Dieu Et Mon Droit -1/?-

Oct 08, 2010 09:14


Title: Dieu Et Mon Droit (God and My Right)
Author: Me.
Pairing: UK/France, but it's not very pairing-heavy.
Rated Overall: M for ideologically sensitive material, violence, gore, Nazi themes.
This Chapter's Rating: PG-13 for violence and gore
Summary: The blitzes are going on in London and France has been taken over by the Nazi defeatists. Despite the fact that Arthur is sickened and weak from the nightly bombings on his city, he'll die before he surrenders, and he'll be damned if anyone but himself hurts the fucking frog across his channel.
Warnings: Ideologically sensitive material, violence, gore, Nazi themes, starvation, cruelty, agony, and general over WWII insanity.
Word Count: 1,481
Posted on: deviantArt, fanfiction, facebook, livejournal

Phew! I've been MIA for months! Sorry, I've been extremely busy. Another chapter of Comrade will be up soon, but for the meantime, enjoy this WWII drama story!

The sky was a metallic grey in the pre-dawn existence of England in the summer of 1940. Orange dotted the horizon, and if one were naïve they would think it the early summer sunrise- however one could not afford to be naïve in such a day and age. London was burning, and to an eye trained for distance the spaces between orange dots of flame was not only heartbreaking but also devastating. Though it were impossible, a certain Frenchman fancied that he could see the carnage clearly across the channel, a deep fire and brimstone haze to the air that made him lament- whilst their rivalry with England was a long one, the British were their only hope in the war since America had nothing to do with Europe and the German defeatists had already started to move in.

They called it surrender for the good of France- France called it blasphemy in the highest order. The country was now called Vichy France. The entire north was taken over by Nazi troops and completely overrun with Germans, especially throughout Paris. A German newspaper had begun to be processed and printed that very week-it disgusted both a certain Francis Bonnefoy and the people, the news of the bombs raining down on their allies over the channel… But, Francis supposed, he was in the wrong for calling the British allies. He was, after all, in Vichy France now.

Across the channel, the city of London was in ruins. People lay in the streets, gasping and bleeding from falling debris and the blasts of shrapnel from falling bombs. Fires were being put out all over the city, but it was already too late for many of the structures… They were gutted. During the attack the night before a certain Arthur Kirkland was in a hospital, the only one there, save for a bed-nurse and six mothers with their newborn babies. The hospital he was in was in the southeast end of London, the west the part effected by the bombings. The infants' beds were all partially covered by a metal cover to protect them from falling glass in case a blast would occur- London, Arthur supposed, was expecting the attacks.
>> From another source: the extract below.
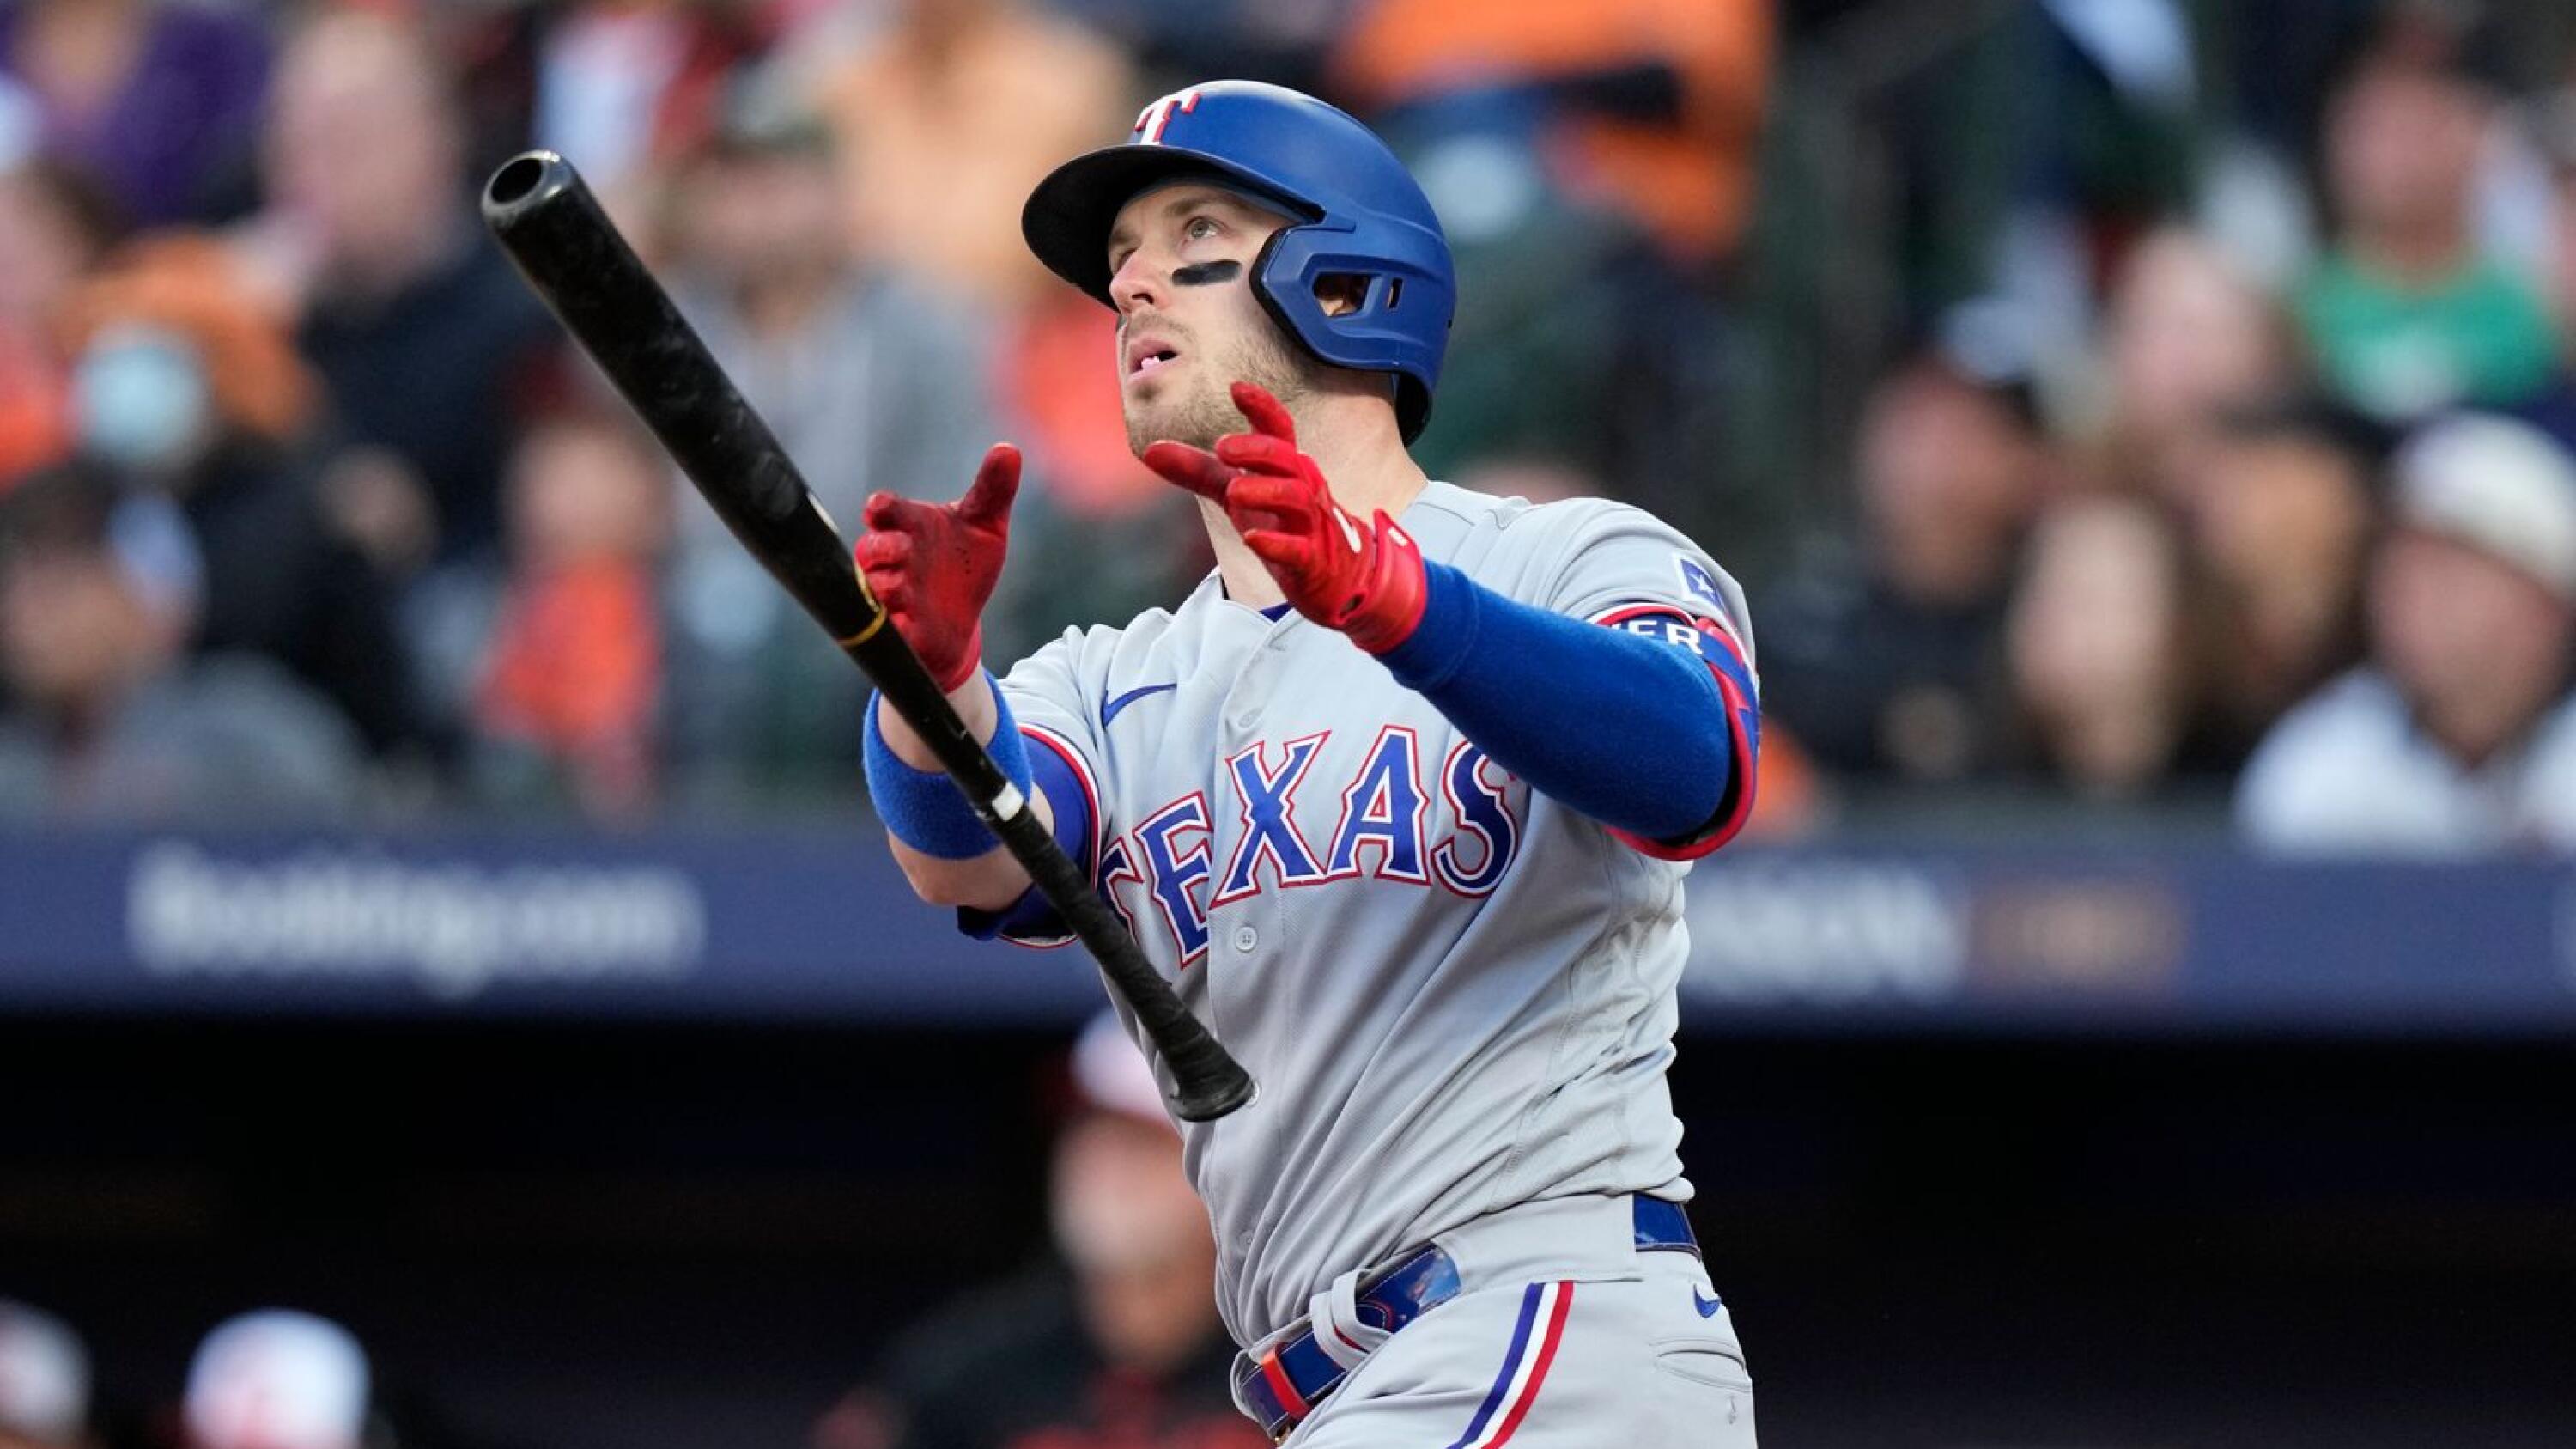 Bats come up big for Texas Rangers in series win in Los Angeles

It was still an excruciating pain he had felt as the first bomb dropped. It was surreal, the way it had happened. He had been standing near the window, his heart beginning to pound inexplicably. "We're under attack," he had remembered whispering. It was then that the windows were blown out, a bomb coming down and trailing down the hill, crossing the Thames and ploughing into a building on the other side of the river. "Bloody-Ghhk!"

Arthur didn't remember pitching forward, nor did he truly remember the pain coursing through him. Oddly enough, the thing that he did remember, perfectly clearly, was the bed-nurse diving across the children's beds. She had done so to cover them from the broken glass. The last thing Arthur saw was her rolling over, glass cascading off of her back like rain, before the world went black.
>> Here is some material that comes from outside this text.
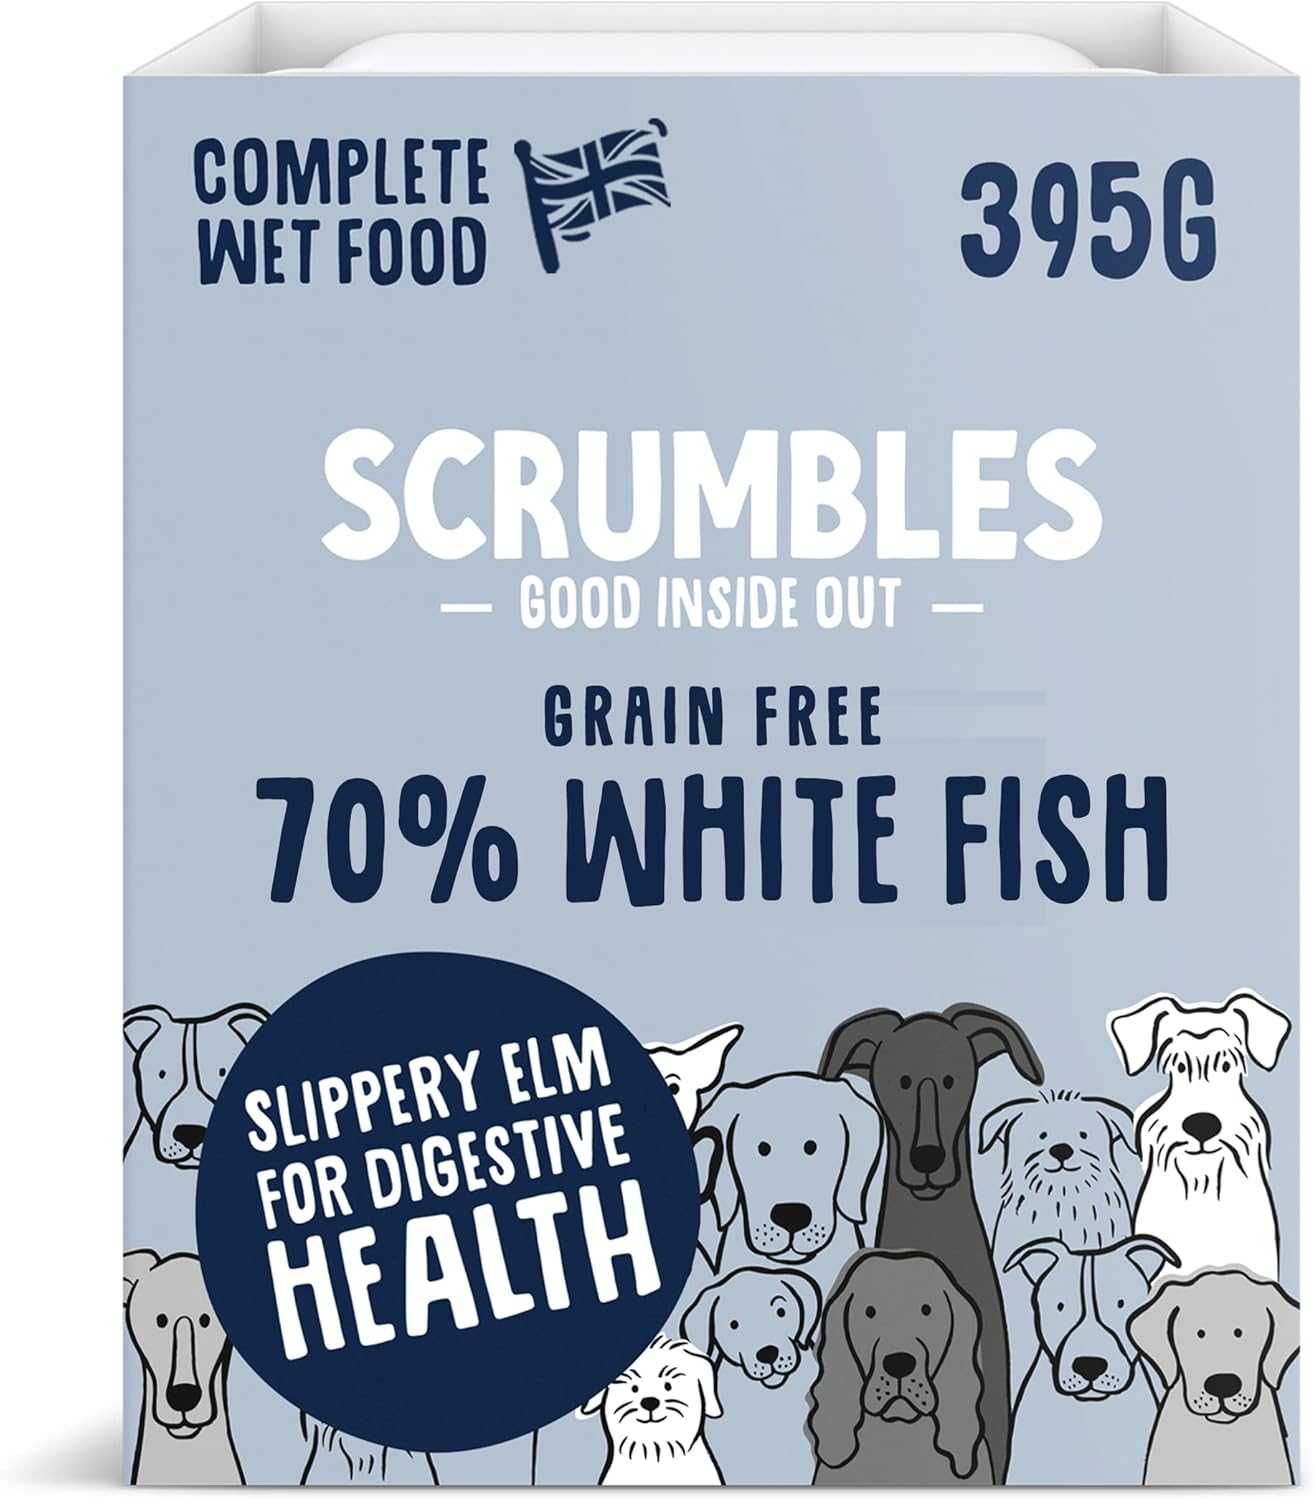 Scrumbles Natural Wet Dog Food, Grain Free Recipe with 70% White Fish and Slippery Elm, 7x 395g?WDS7

Which, brings us to where we had started. I know all of this first hand, for one simple reason. England was in shambles when I had awoken, yes. London was in ruins, and I could feel it in my heart- it felt as if a searing iron had touched my heart, even as it throbbed painfully in my chest. There was blood dribbled down my lip, I supposed from the state of my heart… I knew now that I was in a serious condition. My name is the same as that certain Arthur Kirkland because I am him- and I can attest that that night was one of the most painful nights I have ever lived through. When you're a country, you can hear the suffering of your people ringing in your ears. War drives us mad- war makes us think in a mentality that would cause frigidness to the core had anyone else heard our echoing thoughts.

Waking up in such a state sent me into a deep moment of thought- I had heard of France's surrender, and I had known that the German army had been planning some sort of attack on England since the beginning of the war. However, something of this magnitude… Of total war status… had been completely unexpected. Before France had surrendered, my boss and his parliament had composed a bill requesting a marriage of our two governments at my request. What was I to do? My frog was in trouble, and in danger of being seriously damaged. I'm the only one allowed to hurt him.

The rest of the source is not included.